Assuming that a trial is correctly designed to detect with power 80%–90% a true benefit, the %acceptance over a range of plausible scenarios for significant trials is compared between the dual rule based on the PE thresholds behaving similarly to the proposed LL95%CI threshold incorporated in ESMO-MCBS v1.0 (figure 6A,B: PFS; figure 6C,D: OS; 80% and 90% power).

Figure 6

Comparison of the ESMO-MCBS dual rule and the dual rule with PE thresholds exhibiting similar behaviour: %acceptance of maximal RB (solid line: RB rule) and maximal preliminary grade (dotted line: dual rule) over significant trials for different true HRs. 

(A-B) PFS, 80% power - 90% power.
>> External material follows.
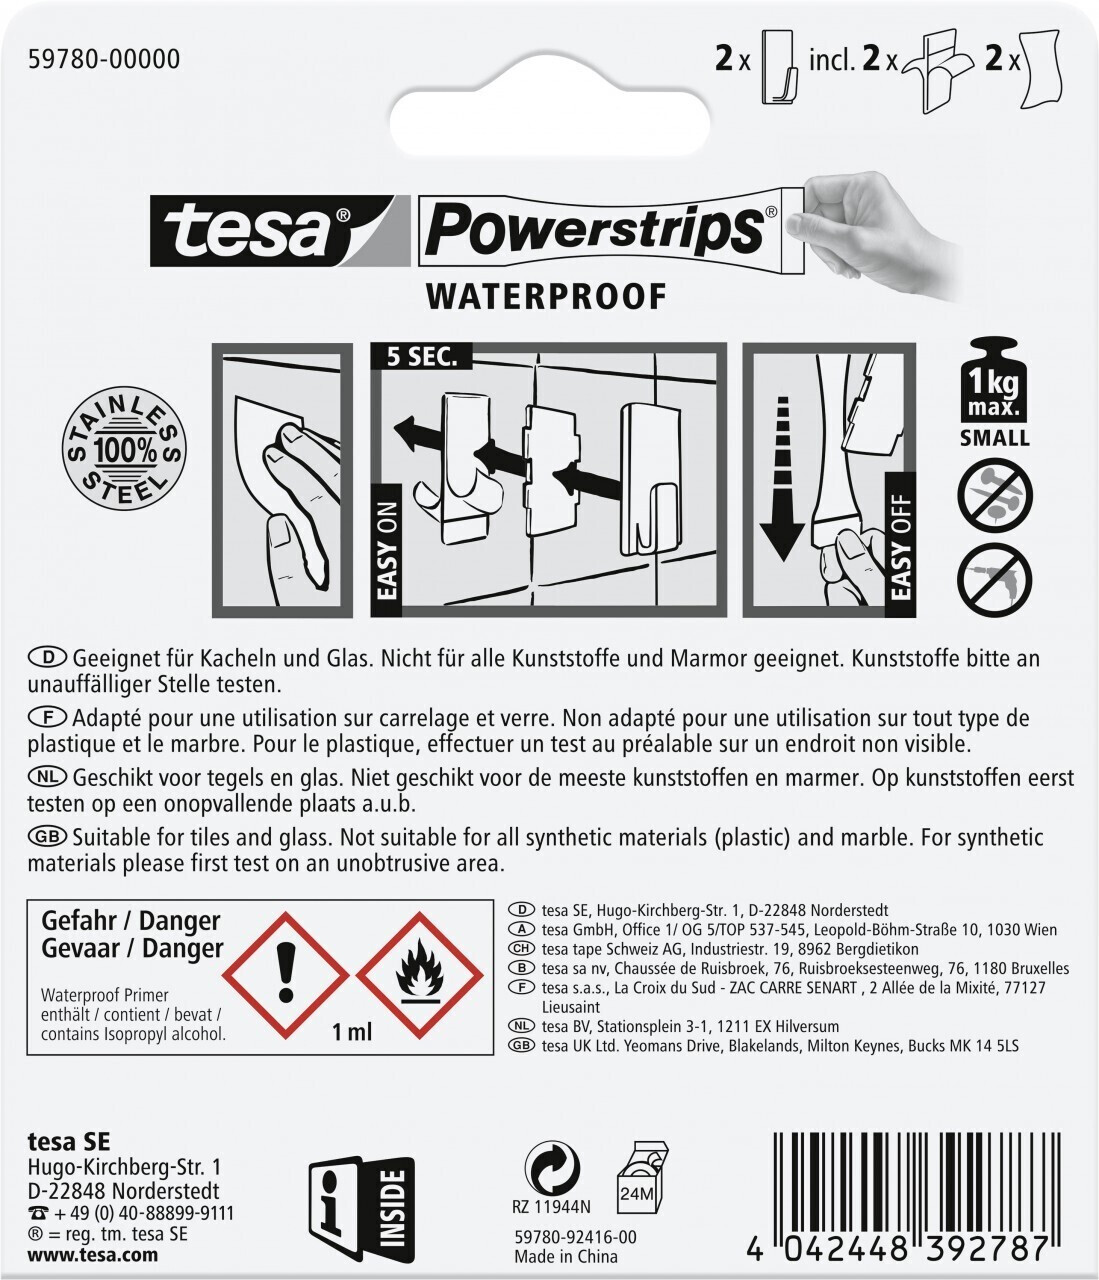 Tesa Klebehaken 59780 Powerstrips Waterproof Eckig, Small, 1kg
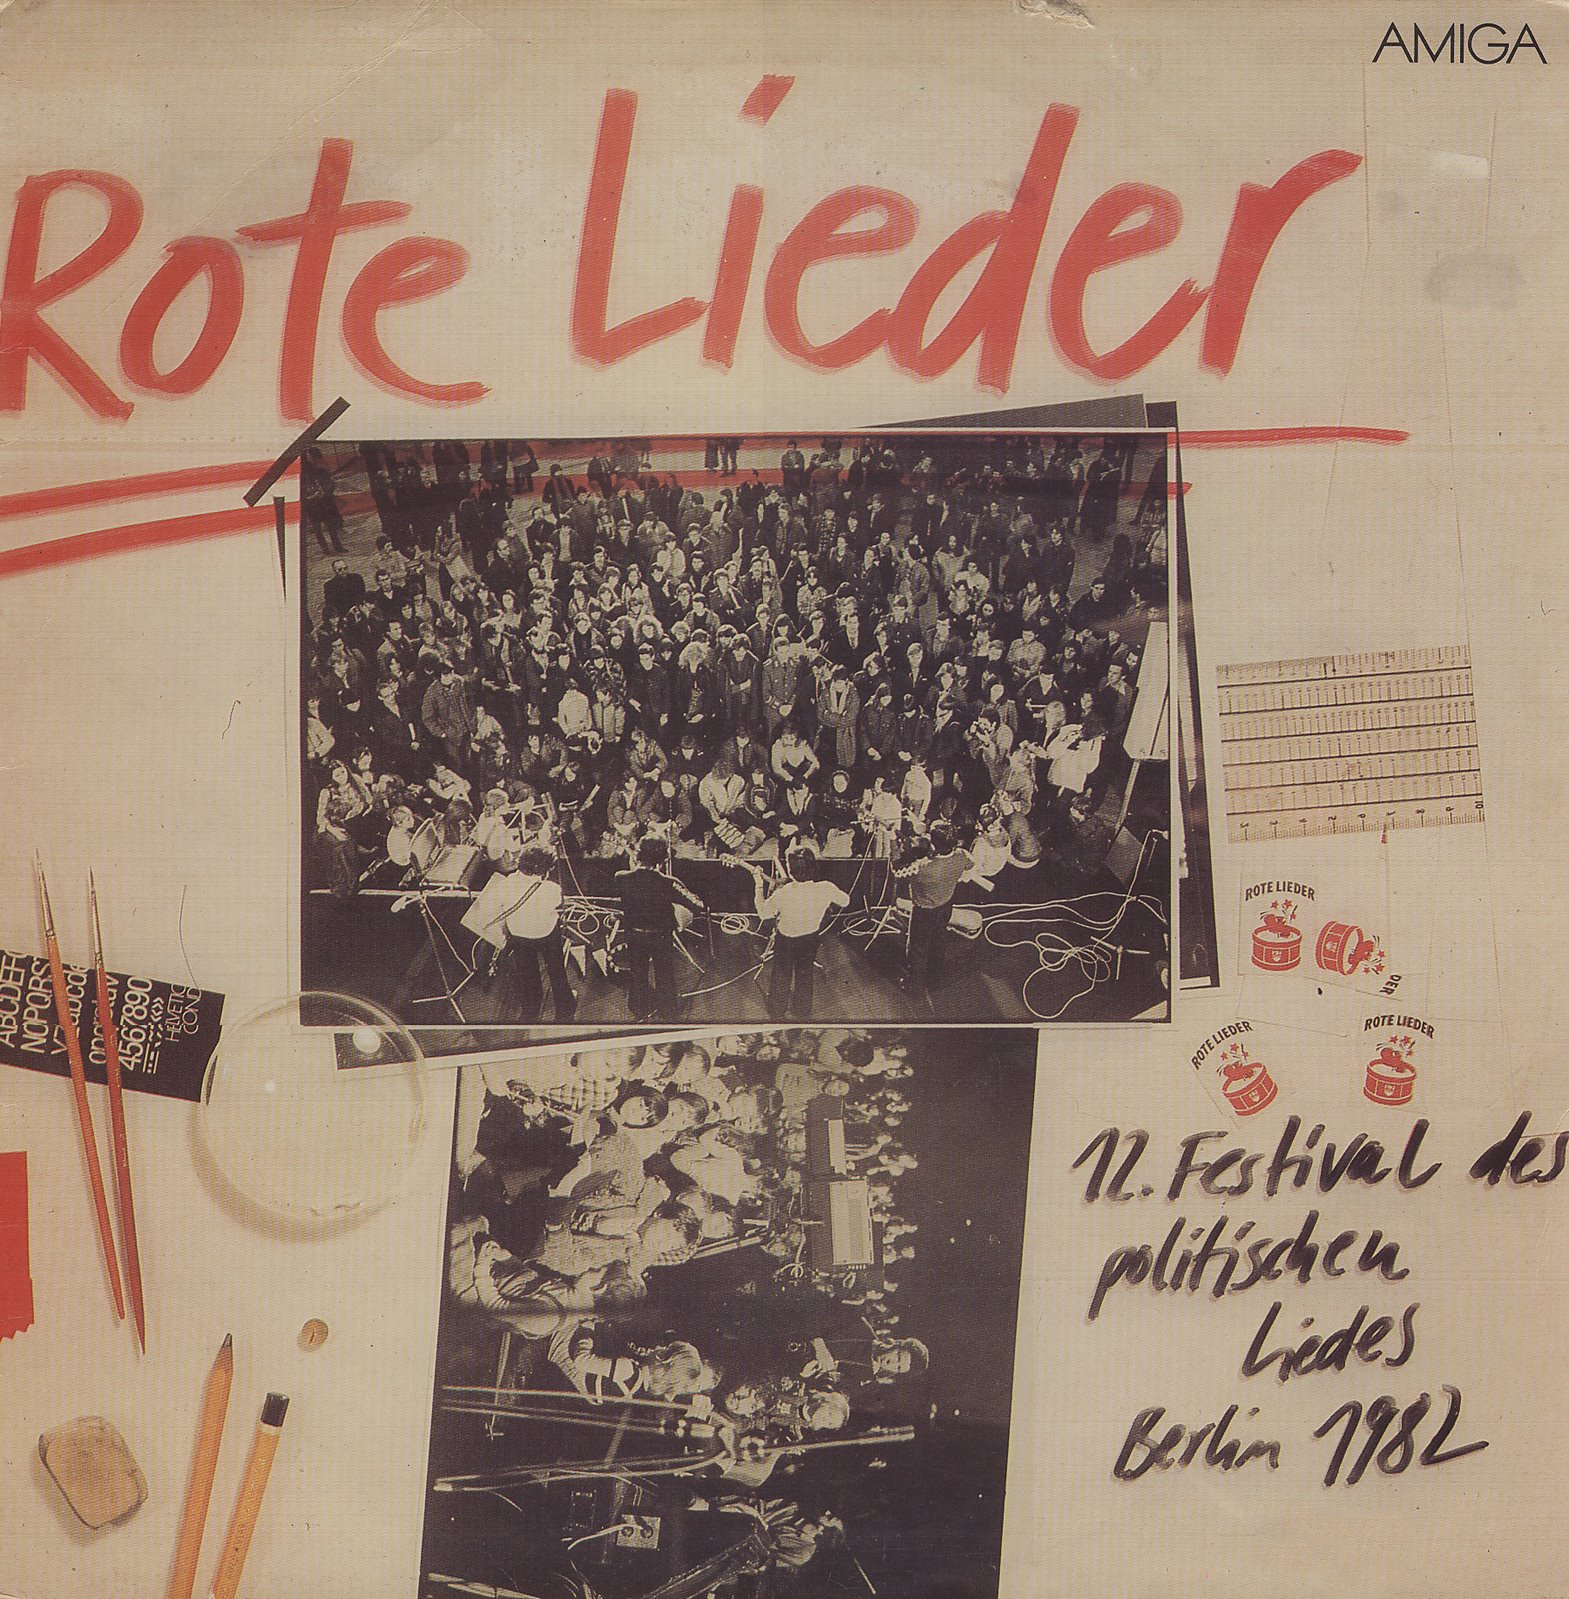 [1982+-+12.+Festival+des+politischen+Liedes+-+titel.jpg]

Note: Median control PFS ≤6 months: LL95%CI ≤0.65 rule vs PE<0.75 and PE<0.80; and gain ≥1.5 months.  Median control PFS >6 months: LL95%CI ≤0.65 rule vs PE<0.75 and PE<0.80; and gain ≥3 months.

(C-D) OS, 80% power - 90% power. Note:  Median control OS ≤12 months: LL95%CI ≤0.65 rule vs PE<0.75 and PE<0.80; and gain ≥3 months. Median control OS >12 months (24 months): LL95%CI ≤0.70 rule vs PE<0.80 and PE<0.83; and gain ≥5 months.

Big true benefit (illustrated for true HR=0.60, 0.65, 0.70)

In all of these scenarios, the LL95%CI ≤0.65 rule is consistently at least as lenient as the PE threshold of 0.80 (and more lenient than PE <0.75), accepting for highest grade almost 100% of the significant trials. The same is true for the LL95%CI ≤0.70 rule and the corresponding PE <0.80, PE <0.83, respectively, applied when median control OS >12 months.

The limiting effect of the strict AB rule, whereby maximal preliminary grade is only achieved when AB targets are met, is especially pronounced when the OS median control is 6 months or less. However, when the median OS is long (eg, 24 months), this constraint is lost since the AB rule (OS: 5 months gain) is always satisfied.

Smaller true benefit (illustrated for true HR=0.75, 0.80, 0.85)

The PE <0.75 threshold imposes initially a higher penalty, which becomes almost identical to the LL95%CI rule for true HR >0.80. For true HR=0.75, it overpenalises studies compared with the other criteria. When the true HR is 0.80 or 0.85, indicating a lower level of benefit, the LL95%CI ≤0.65 threshold behaves similarly to the PE >0.75 threshold and both are substantially stricter than the PE >0.80 threshold.

Thus, over the full range of true HRs, the ESMO-MCBS v1.0 dual rule is exhibiting the most desired discriminatory behaviour by being at least as lenient or more than the dual rule based on PE <0.80 when the true benefit is big, while it is similarly strict to the dual rule based on PE <0.75 when true benefit is small (true HR = 0.80, 0.85).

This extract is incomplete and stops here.